Ambia oligalis

Scientific classification
- Kingdom: Animalia
- Phylum: Arthropoda
- Clade: Pancrustacea
- Class: Insecta
- Order: Lepidoptera
- Family: Crambidae
- Genus: Ambia
- Species: A. oligalis
- Binomial name: Ambia oligalis Hampson, 1906

= Ambia oligalis =

- Authority: Hampson, 1906

Species of moth

Ambia oligalis is a moth in the family Crambidae. It is found on the Louisiade Islands (St. Aignan, Goodenough).

The wingspan is about 20 mm. The costa of the forewings is fuscous towards the base and there is a prominent black discoidal spot, as well as an orange postmedial line, oblique from the costa to vein 2, where it is retracted, terminating below the middle of the cell. There is a curved subterminal band expanding towards the costa and developed into a spot on the inner margin, and with a black line on its outer edge. There is also a terminal band with a black line on its inner edge.
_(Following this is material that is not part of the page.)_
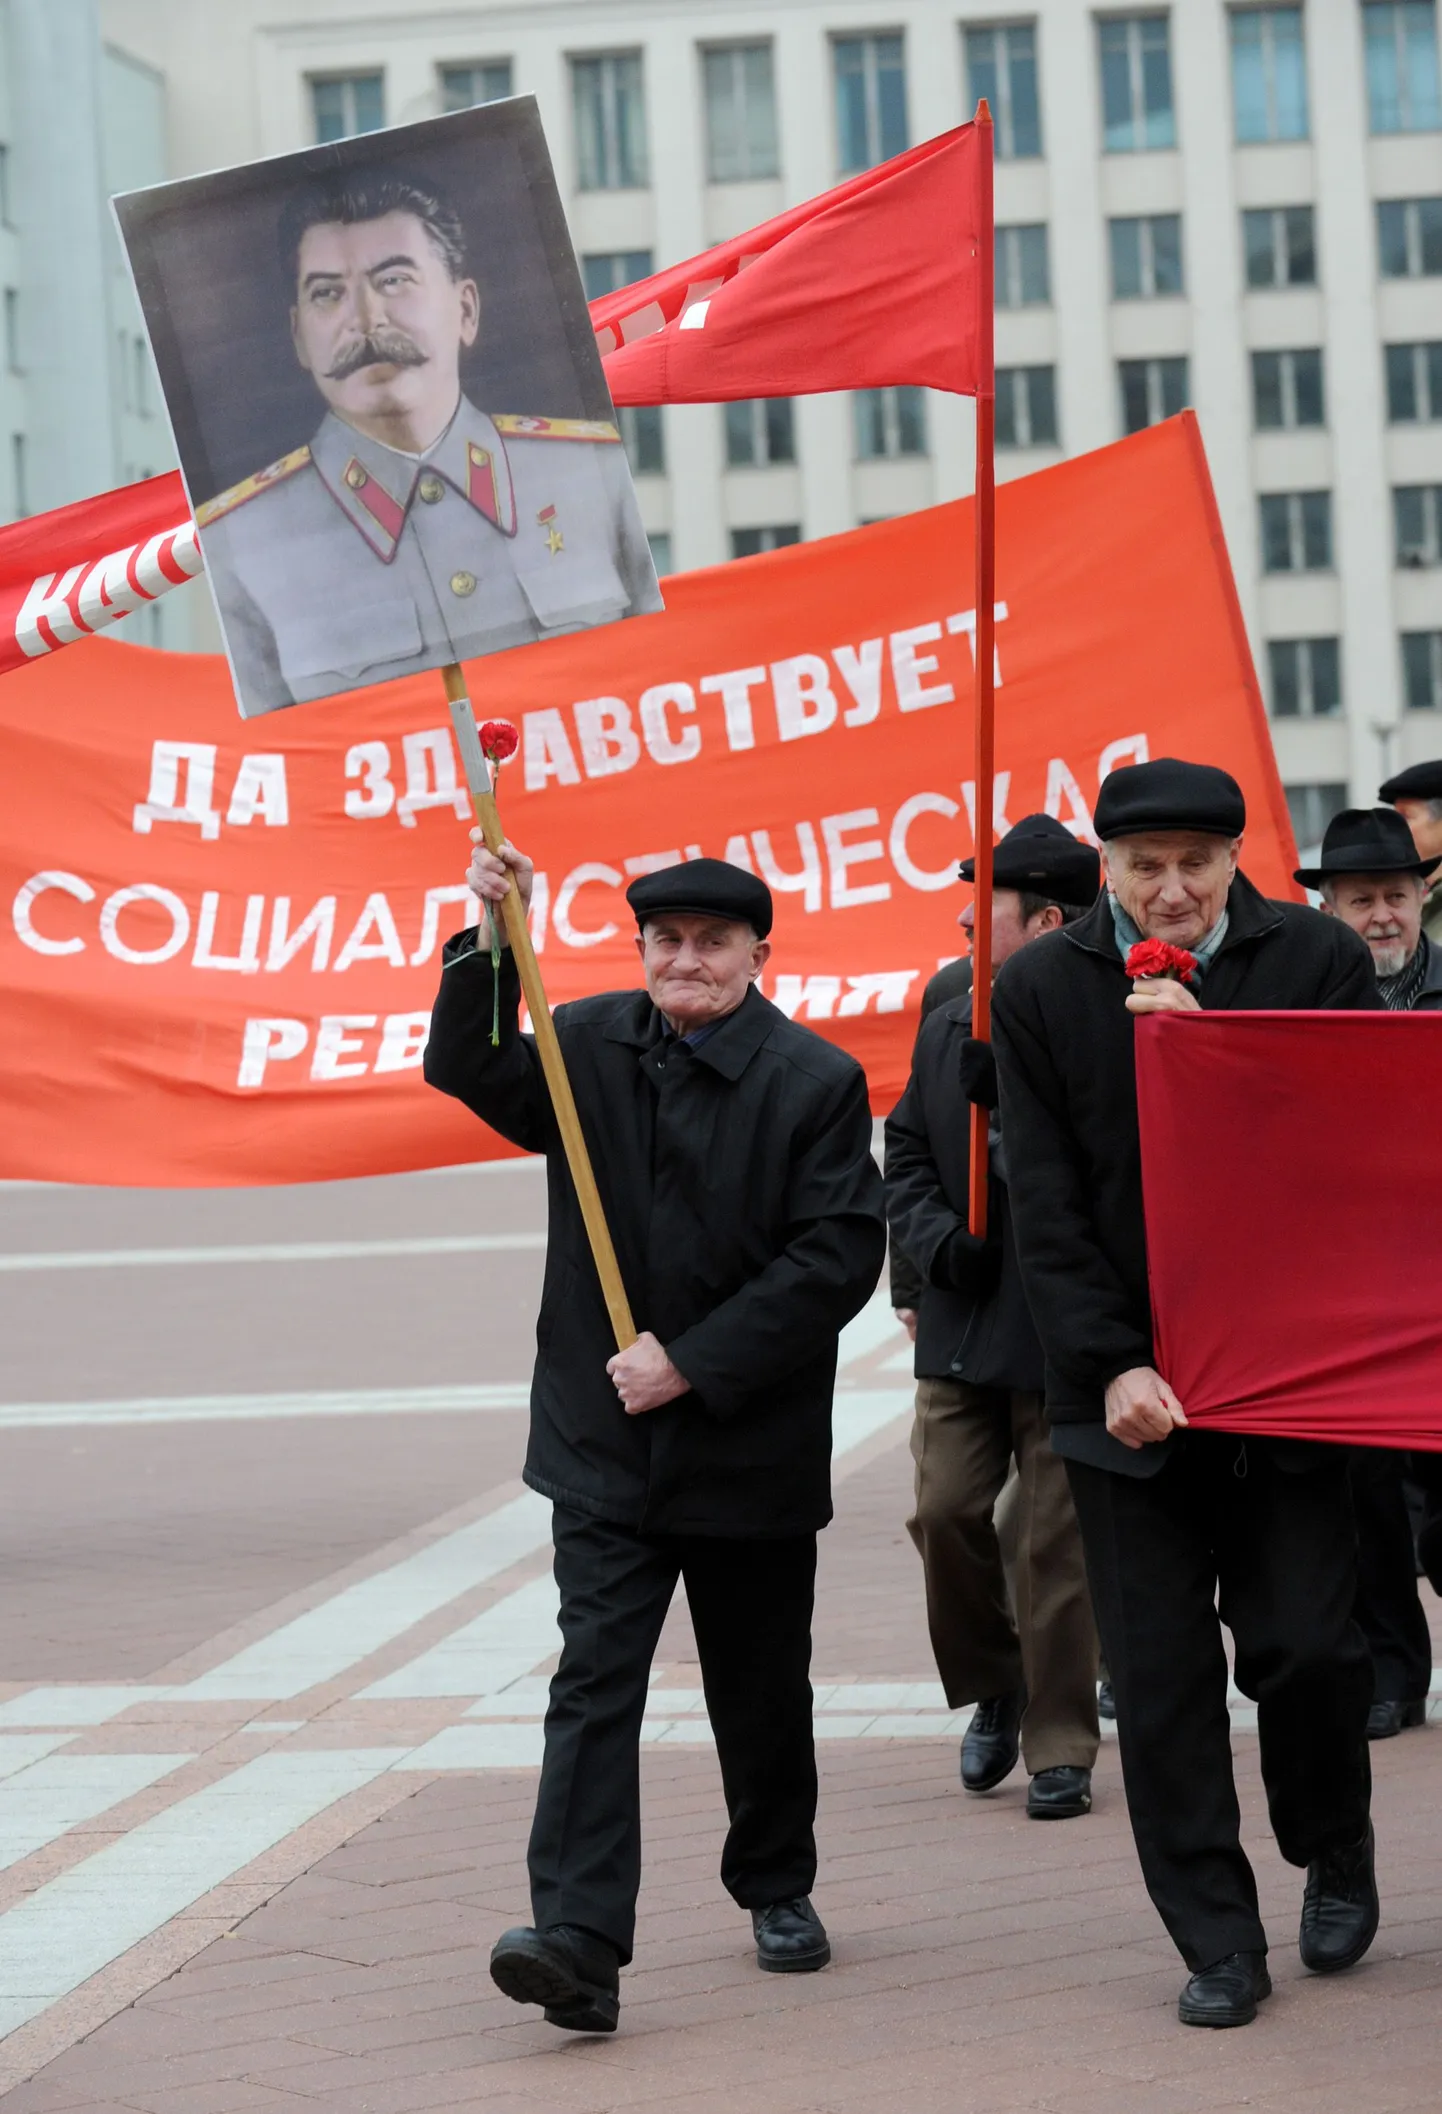 Valgevene kommunistide demonstratsioon Minskis novembris 2012. Esiplaanil Jossif Stalini portree.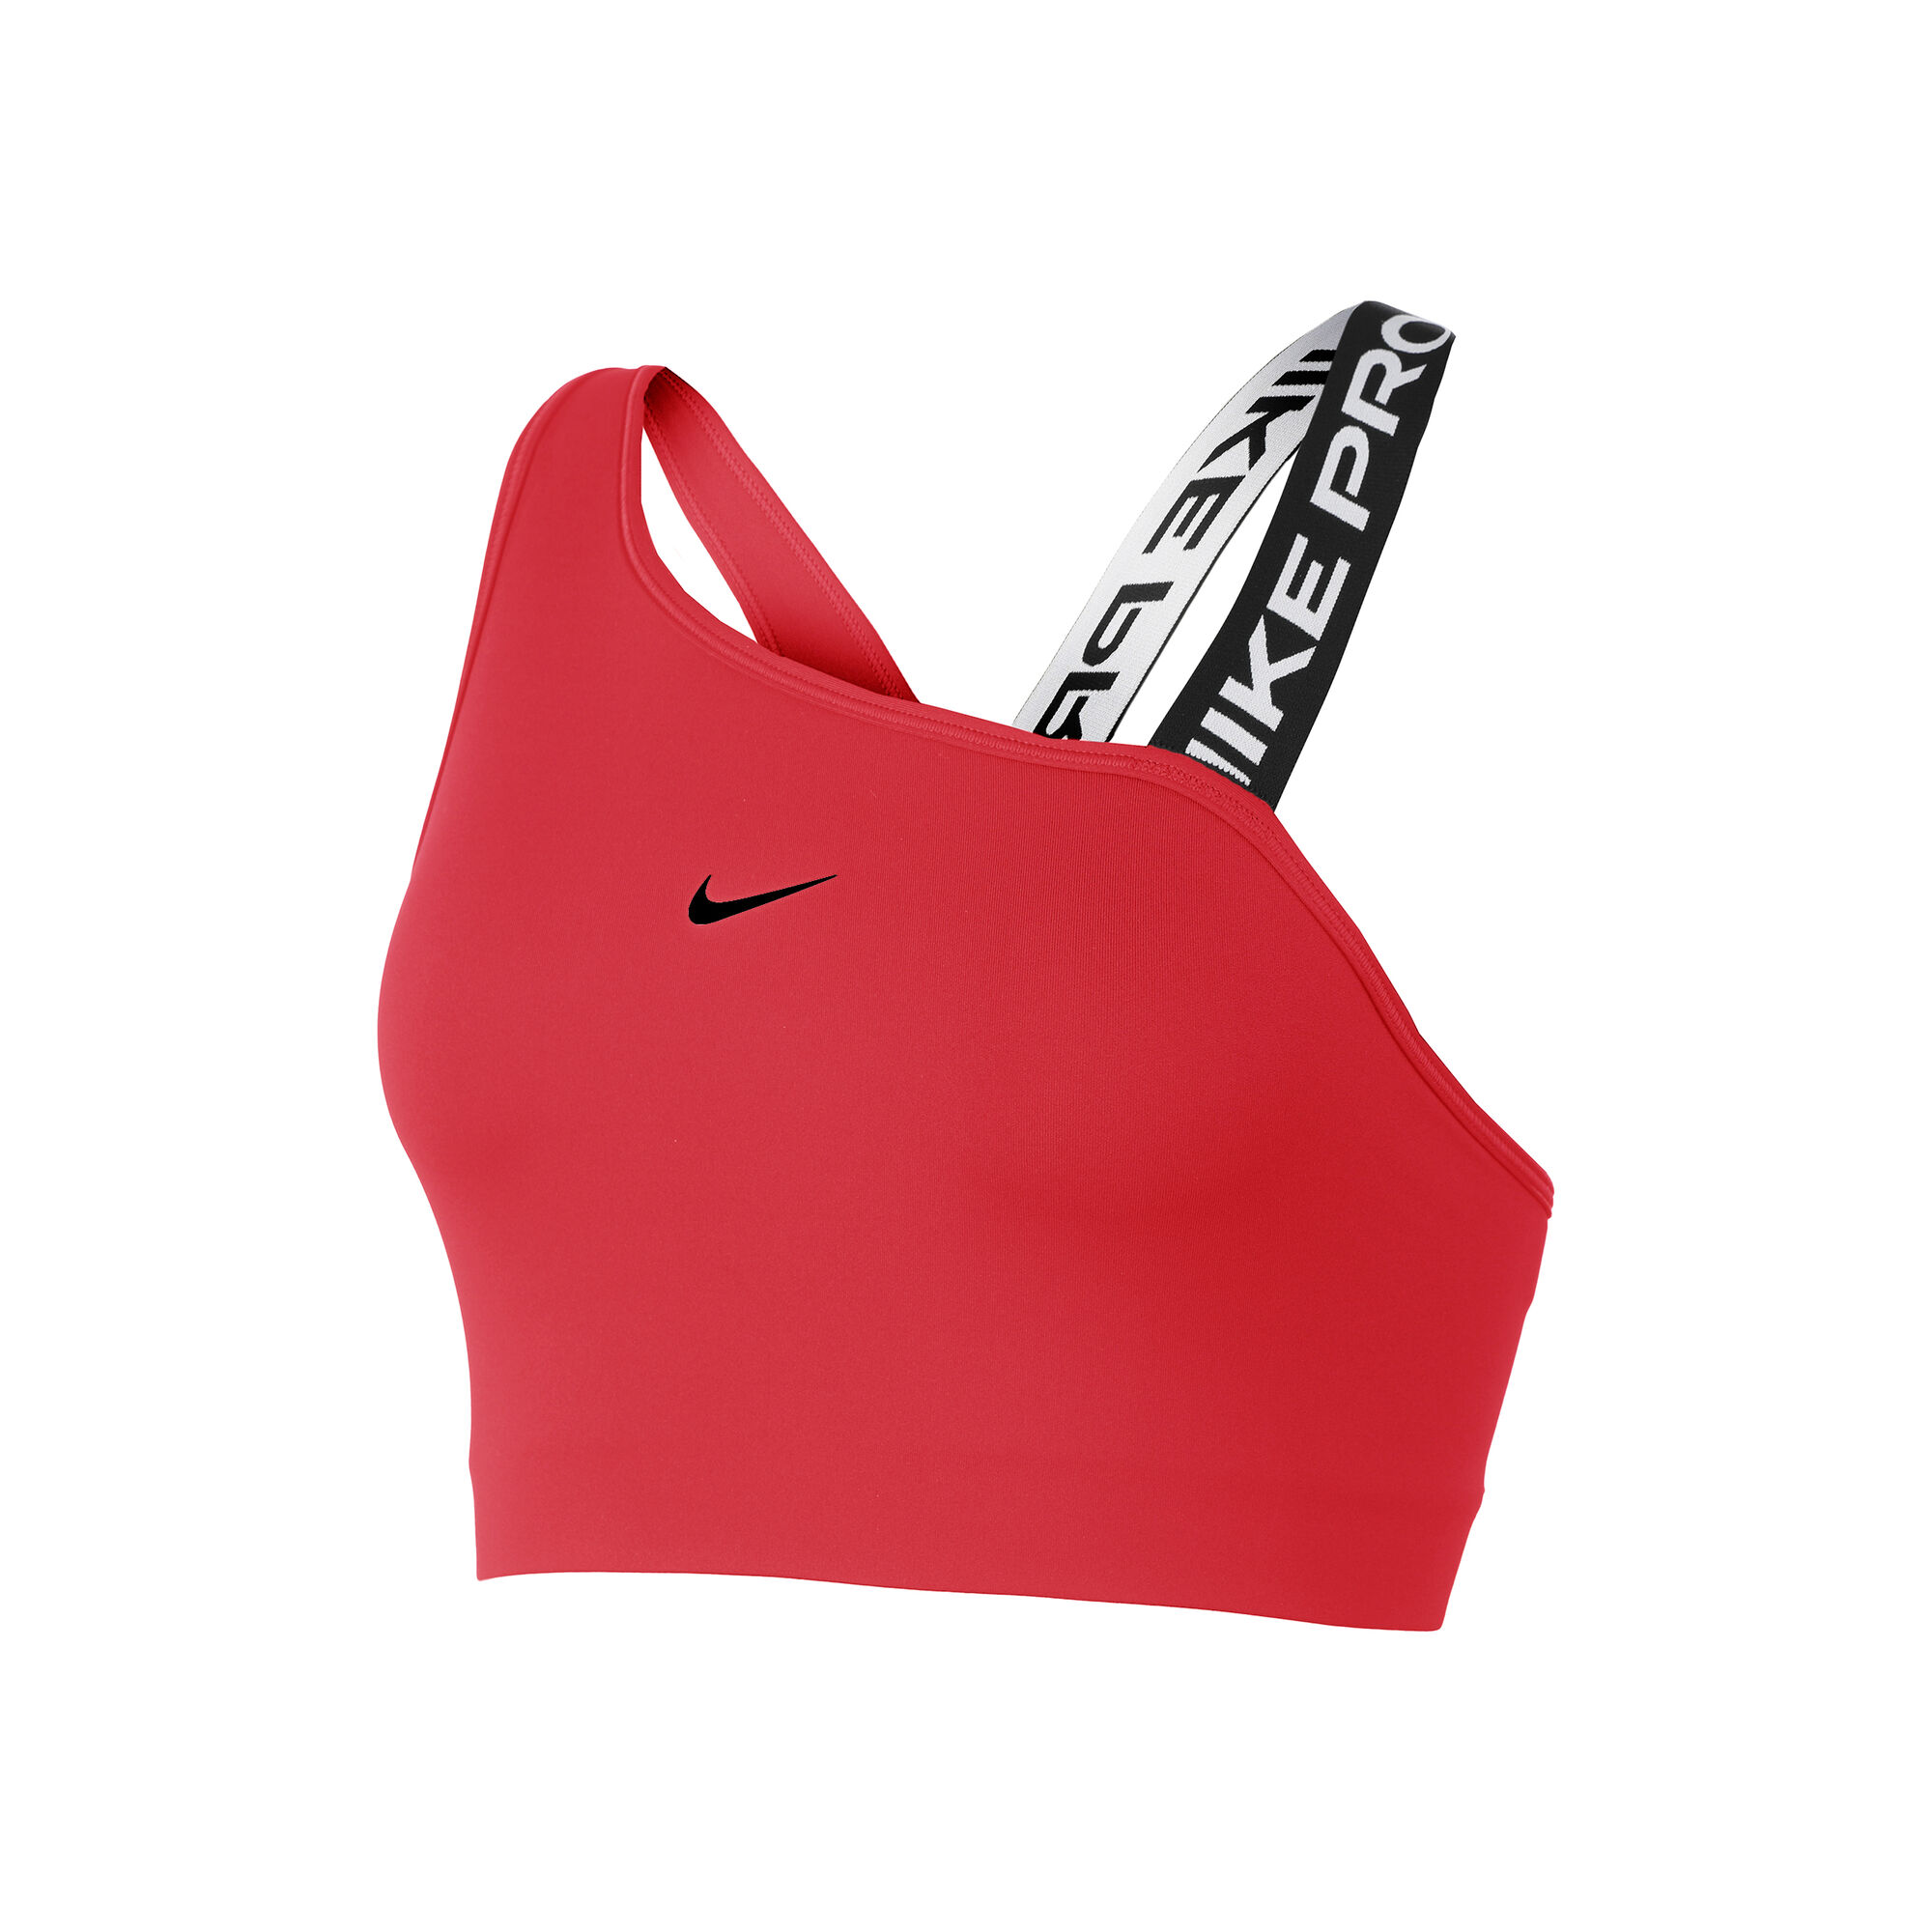 Buy Nike Dri-Fit Pro Swoosh Sports Bras Women Red, Black online

The hindwings have a black point in the middle of the cell and prominent black spots on the discocellulars and below the middle of the cell, with an oblique orange band between them. There is an obliquely curved orange postmedial band edged by fuscous lines and a terminal band with a black line on its inner side. There are also six black points on the termen, the two towards the apex with black points on the cilia beyond them.